Step 1: Inject Network Latency with tc

Use Linux traffic control to add latency to a network interface:

# Add 300ms latency to the eth0 interface
sudo tc qdisc add dev eth0 root netem delay 300ms

# Verify the latency
ping -c 4 localhost
# Expected output:
# round-trip min/avg/max/mdev = 300.123/301.456/302.789/0.987 ms

# Add jitter (variation) to make it realistic
sudo tc qdisc change dev eth0 root netem delay 300ms 50ms distribution normal

# Test with jitter
ping -c 4 localhost
# Expected output:
# round-trip min/avg/max/mdev = 275.234/301.567/335.890/12.345 ms
# (Latency varies between 250ms and 350ms)

# Remove the latency
sudo tc qdisc del dev eth0 root

Step 2: Simulate Packet Loss

Packet loss causes TCP retransmissions and application-level retries:

# Add 5% packet loss to eth0
sudo tc qdisc add dev eth0 root netem loss 5%

# Test packet loss with ping
ping -c 20 google.com
# Expected output:
# 20 packets transmitted, 19 received, 5% packet loss

# Add correlated packet loss (bursts of loss)
sudo tc qdisc change dev eth0 root netem loss 5% 25%

# The 25% correlation means loss happens in bursts rather than randomly
# This simulates a flapping network interface more realistically

# Remove packet loss
sudo tc qdisc del dev eth0 root
#!/usr/bin/env python3
"""Measure application behavior under packet loss."""
import requests
import time
import statistics

ENDPOINT = "http://localhost:8080/api/health"
NUM_REQUESTS = 50
timeouts = 0
latencies = []

for i in range(NUM_REQUESTS):
    try:
        start = time.time()
        response = requests.get(ENDPOINT, timeout=5)
        elapsed = (time.time() - start) * 1000
        latencies.append(elapsed)
        print(f"Request {i+1}: {response.status_code} in {elapsed:.0f}ms")
    except requests.Timeout:
        timeouts += 1
        print(f"Request {i+1}: TIMEOUT")

print(f"\nResults with 5% packet loss:")
print(f"Successful requests: {NUM_REQUESTS - timeouts}")
print(f"Timeouts: {timeouts}")
if latencies:
    print(f"Average latency: {statistics.mean(latencies):.0f}ms")
    print(f"Max latency: {max(latencies):.0f}ms")

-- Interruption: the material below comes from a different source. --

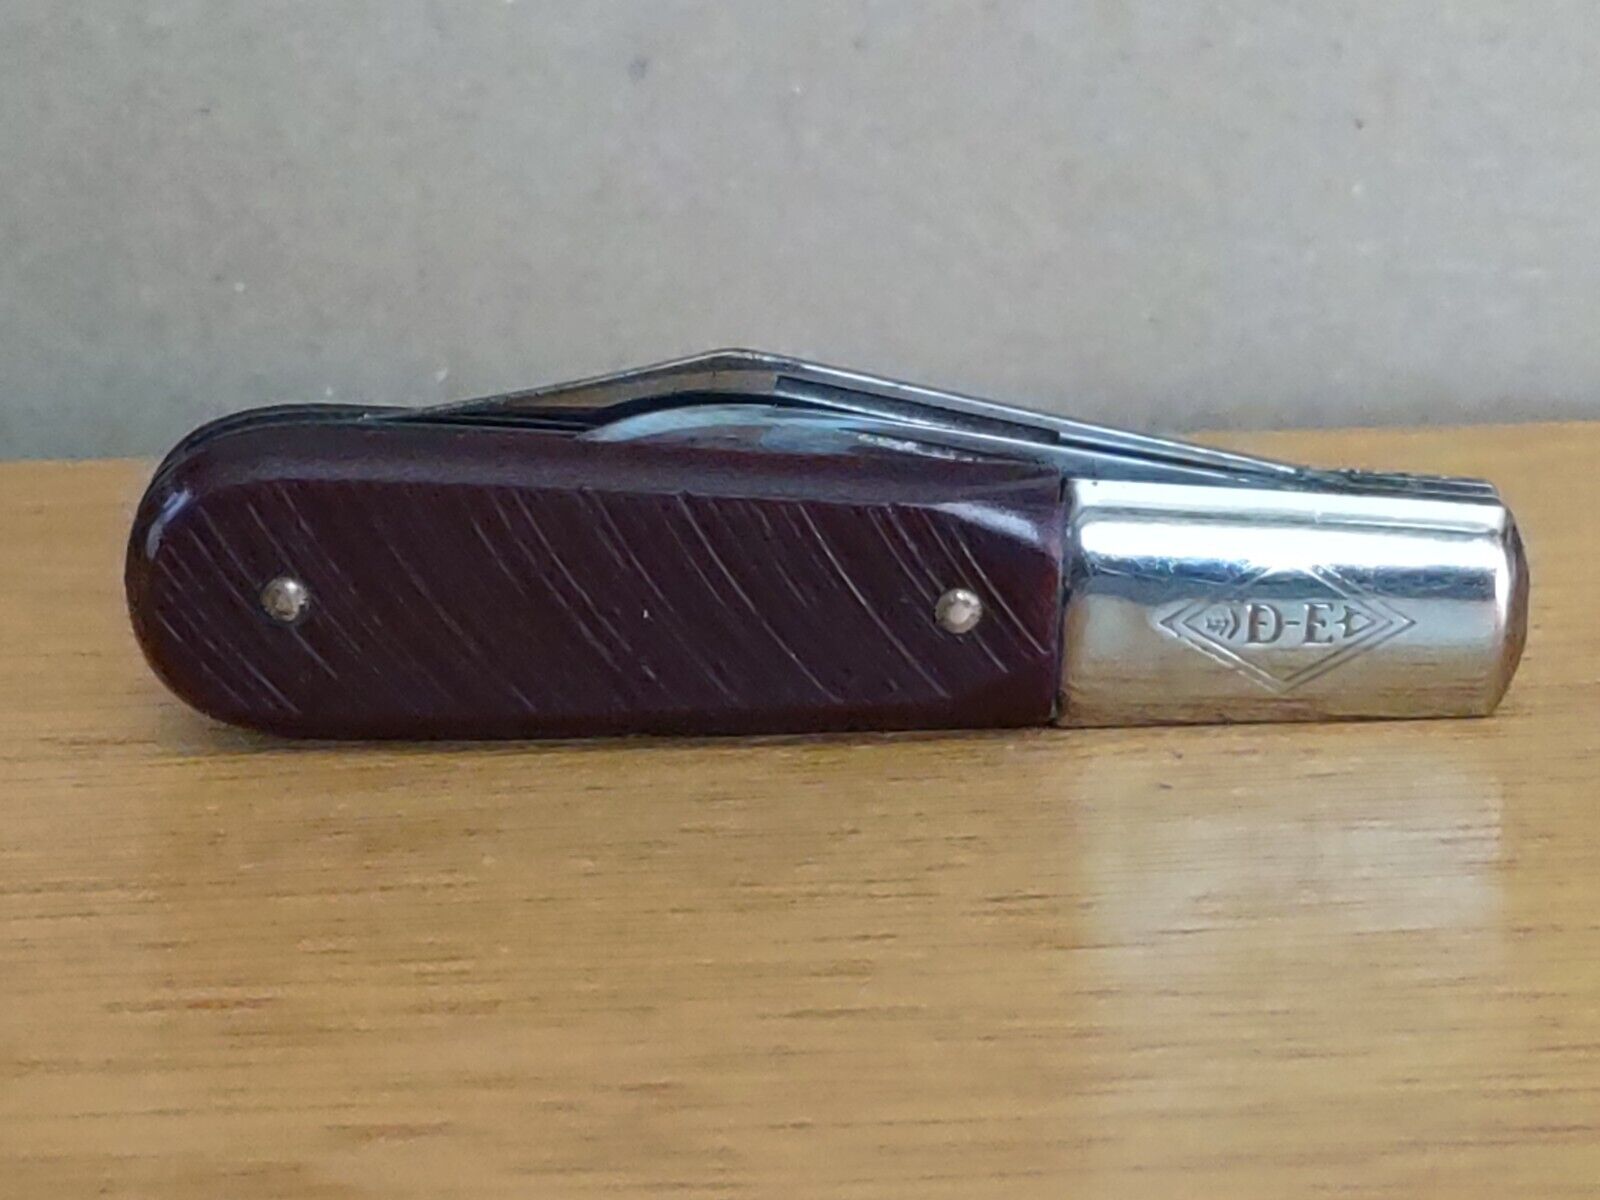 Vintage Imperial Diamond Edge / Barlow Two Blade Pocket Knife in Good Condition

# Expected output (with 5% packet loss):
# Request 1: 200 in 45ms
# Request 2: 200 in 1203ms
# Request 3: 200 in 52ms
# Request 4: TIMEOUT
# ...
# Successful requests: 47
# Timeouts: 3
# Average latency: 234ms
# Max latency: 5120ms

Step 3: Throttle Bandwidth

Limit bandwidth to simulate network congestion:

# Limit bandwidth to 1Mbps on eth0
sudo tc qdisc add dev eth0 root handle 1: htb default 30
sudo tc class add dev eth0 parent 1: classid 1:1 htb rate 1mbit
sudo tc class add dev eth0 parent 1:1 classid 1:10 htb rate 1mbit

# Test bandwidth
curl -o /dev/null -w "Speed: %{speed_download} bytes/sec\n" http://test-server/large-file.iso
# Expected output:
# Speed: 125000 bytes/sec
# (Approximately 1 Mbps)

# Remove bandwidth limit
sudo tc qdisc del dev eth0 root
# bandwidth-chaos-mesh.yaml
apiVersion: chaos-mesh.org/v1alpha1
kind: NetworkChaos
metadata:
  name: bandwidth-limit
spec:
  action: bandwidth
  mode: all
  selector:
    namespaces:
      - production
    labelSelectors:
      app: file-upload-service
  bandwidth:
    rate: "1mbps"
    limit: 20000
    buffer: 10000
  direction: both
  duration: 120s
kubectl apply -f bandwidth-chaos-mesh.yaml
# Expected output:
# networkchaos.chaos-mesh.org/bandwidth-limit created

# Verify bandwidth limit inside a pod
kubectl exec -it -l app=file-upload-service -- wget -O /dev/null http://storage-service:8080/test-file
# Expected output:
# 2026-06-23 10:00:01 (0.98 Mb/s) - saved
# The download speed is limited to approximately 1 Mbps

Step 4: Manipulate DNS Responses

DNS chaos tests how services handle resolution failures and wrong addresses:

# dns-manipulation.yaml
apiVersion: chaos-mesh.org/v1alpha1
kind: DNSChaos
metadata:
  name: dns-manipulation
spec:
  action: random
  mode: all
  selector:
    namespaces:
      - staging
    labelSelectors:
      app: web-service
  patterns:
    - "*.payment-provider.com"
    - "*.email-service.com"
  duration: 60s
kubectl apply -f dns-manipulation.yaml
# Expected output:
# dnschaos.chaos-mesh.org/dns-manipulation created

# From inside the affected pod
kubectl exec -it -l app=web-service -- nslookup payment-provider.com
# Expected output (DNSChaos returns random IP):
# Name:   payment-provider.com
# Address: 203.0.113.42
# (This is not the real payment provider IP)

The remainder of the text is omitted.